Titanium dioxide (TiO2, also know as titania) has been widely studied because of its potential photocatalytic applications. Titanium dioxide only absorbs ultraviolet (UV) radiation. When UV light is illuminated on titanium dioxide, electron-hole pairs are generated. Electrons are generated in the conduction band and holes are generated in the valence band. The electron and hole pairs reduce and oxidize, respectively, adsorbates on the surface of the titanium dioxide, producing radical species such as OH− and O2−. Such radicals may decompose certain organic compounds or pollutants, for example by turning them into non-harmful inorganic compounds. As a result, titanium dioxide coatings have found use in antimicrobial and self-cleaning coatings.
To activate the titanium dioxide to photogenerate these electron-hole pairs (i.e. photocatalytic activity), and thus to provide the titanium dioxide with antimicrobial and/or self-cleaning properties, titanium dioxide must be regularly dosed with photons of energy greater than or equal to 3.0 eV (i.e., radiation having a wavelength less than 413 nm). Depending on variables such as the structure, ingredients, and texture of titanium dioxide coatings, for example, dosing may takes several hours, such as, for example, 6 hours or more. Antimicrobial titanium dioxide coatings, therefore, must generally be exposed to UV radiation for at least 6 hours before achieving the full photocatalytic effect.

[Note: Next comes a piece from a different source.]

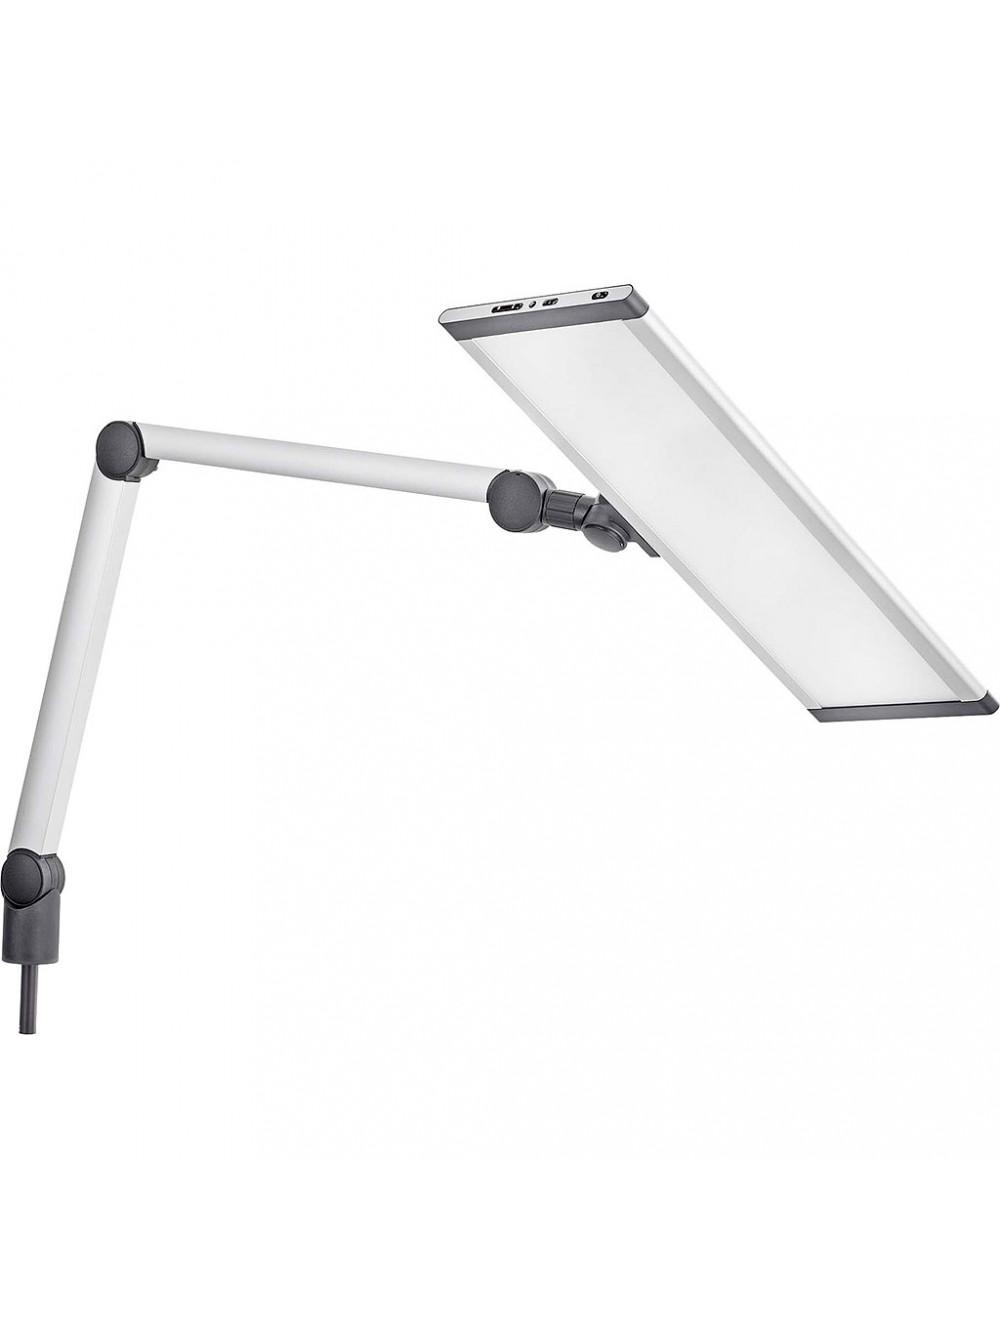 Das Produkt Reitel LED-Leuchte Comfort mit Tischbefestigung 19111000 aus dem Global-dent online shop.

Efforts have been made to extend the energy absorption of titanium dioxide to visible light and to improve the photocatalytic activity of titanium dioxide. For example, foreign metallic elements such as silver can be added. This may, for example, aid electron-hole separation as the silver can serve as an electron trap, and can facilitate electron excitation by creating a local electric field.
Furthermore, titanium dioxide also has been shown to exhibit highly hydrophilic properties when exposed to UV radiation. Such hydrophilicity may be beneficial in certain embodiments, such as, for example, certain coating embodiments. Without wishing to be limited in theory, it is believed that the photoinduced hydrophilicity is a result of photocatalytic splitting of water by the mechanism of the photocatalytic activity of the titanium dioxide, i.e., by the photogenerated electron-hole pairs. When exposed to UV radiation, the water contact angle of titanium dioxide coatings approaches 0°, i.e., superhydrophilicity.
Current coating methods involving titanium dioxide often result in a disadvantageous loss of hydrophilicity and/or photocatalytic activity (and thus antimicrobial and/or self-cleaning properties) of the titanium dioxide. This may be due to formation of different phases of the titanium dioxide during the coating process. For example, anatase titanium dioxide typically transforms to rutile phase titanium dioxide when heated at temperatures greater than 600° C., such as may be used during the coating process. The rutile phase has less desirable surface coating properties than the anatase phase, such as, for example, less desirable hydrophilicity and antimicrobial and/or self-cleaning properties.
Current coating methods may also be disadvantageous in that they form coatings that decrease visible light transmission and increase haze when formed on a transparent glass substrate.
There is thus a long-felt need in the industry for methods for forming a titanium dioxide coating having increased photocatalytic activity such as antimicrobial and/or self-cleaning properties and/or hydrophilicity, and/or a reduced dosing time. There is also a long-felt need for anatase titanium dioxide coatings that can be tempered without forming the rutile phase (i.e. increased temperability). In addition, there is a long-felt need for anatase titanium dioxide coatings that allow a maximum amount of visible light to be transmitted with a minimum amount of haze. The invention described herein may, in some embodiments, solve some or all of these of these needs.